The country’s dependence on imports and the energy crisis are limiting the improvement of the current account balance in 2021, Eurobank points out in its weekly bulletin “7 Days Economy”, which analyzes the latest data of the Bank of Greece.

According to the BoG, the current account deficit in the 11 months of January-November 2021 decreased to € 8.9 billion in current prices, from € 10.3 billion in the corresponding period in 2020 (€ 2 , 2 billion in 2019).

However, the annual improvement of the current account balance in the 11 months January-November 2021 (€ 1.4 billion YoY) was smaller than the corresponding one in the 10 months January-October 2021 (€ 2.7 billion YoY), while it is considered very likely shrink further in the 12 months of January-December 2021. The reason is the burden on the fuel balance from rising energy prices.

In particular, as noted by Eurobank, the sub-balances, the sum of which is equal to the current account, moved as follows in the 11 months of January-November 2021:

– Balance of Goods: the deficit of the balance of goods (fuel, ships, without fuel and ships) widened to € 22.8 billion in current prices in the period January-November 2021, from € 17.0 billion in the period January-November 2020 The recovery of the Greek economy, especially domestic demand, was accompanied by an increase in imports of goods (from € 43.1 billion to € 58.4 billion), which exceeded that of exports of goods (from € 26, 1 billion to € 35.6 billion). Rising energy prices have been an additional factor in increasing the goods deficit due to the fuel balance burden they have caused.

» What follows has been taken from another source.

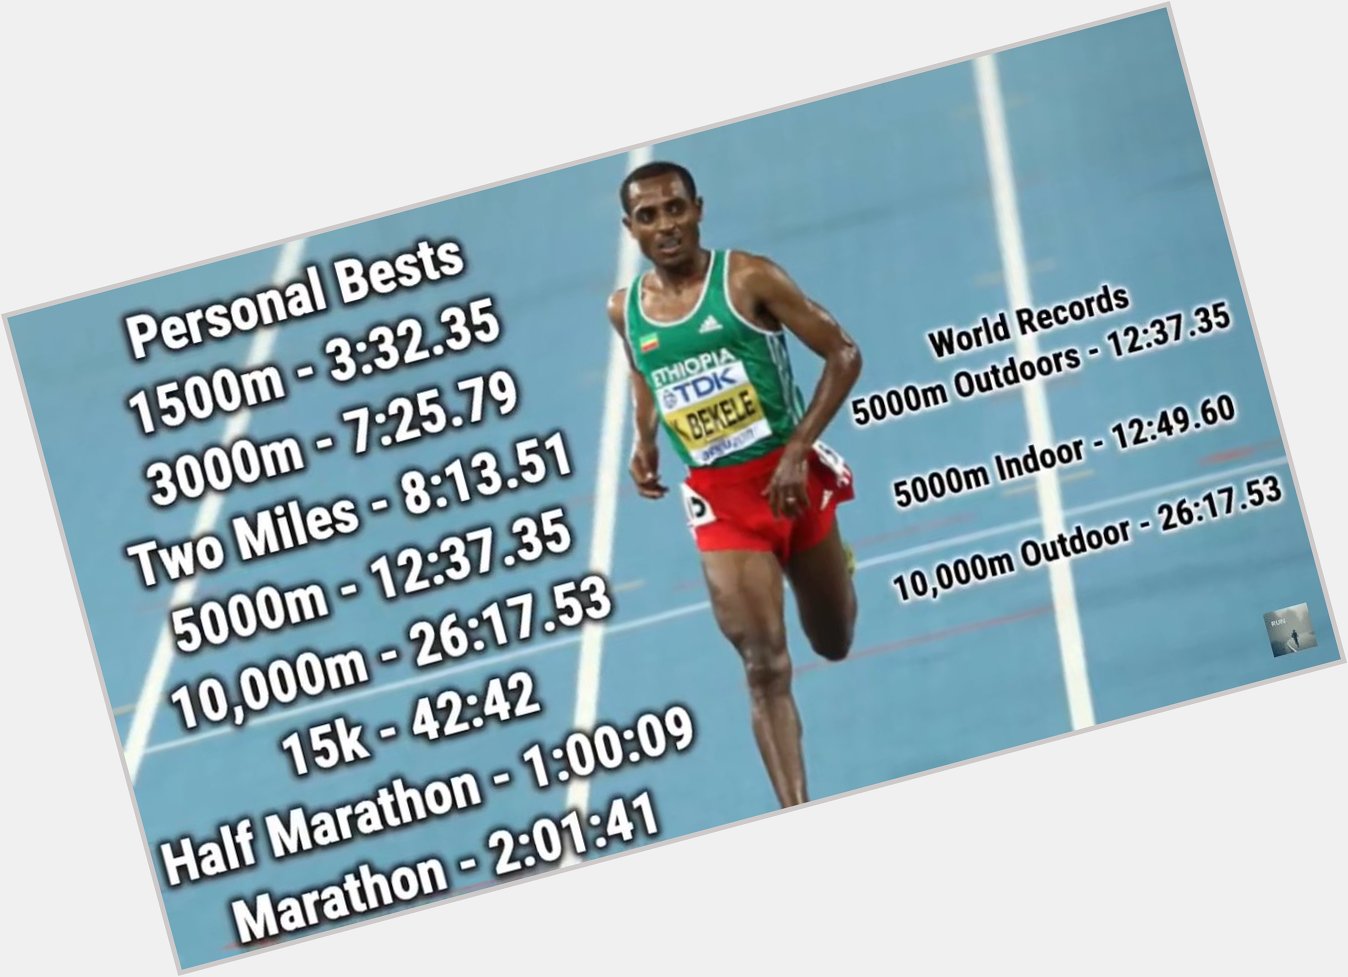 Happy Birthday to one of the greatest athletes of all time. Kenenisa Bekele

– Balance of Services: the surplus of the balance of services (travel, transport and other services) amounted to € 12.7 billion at current prices in the 11 months of January-November 2021, increased by € 5.6 billion compared to the corresponding period in 2020. The improvement in the services balance came from the recovery of tourist revenues.

– Balance of Primary Income: The balance of primary income (wages and salaries, interest on dividends and profits and other primary income) from a deficit of € 0.4 billion at current prices in the 11 months of January-November 2020 increased to a surplus of € 0.6. 11-month January-November 2021. This improvement was a result of the reduction of the interest deficit, dividends and profits by € 0.9 billion.

– Secondary Income Balance: the secondary income balance (of general government and other sectors) from balanced, ie € 0.0 billion (€ 3.3 million), in the period January-November 2020, passed a surplus of € 0.6 billion in the period January-November 2021. This result is related to the pre-financing (13.0%) of the funds of the Recovery and Resilience Fund that took place in August 2021 (source: BoG, Monetary Policy, Interim Report 2021, p. 96).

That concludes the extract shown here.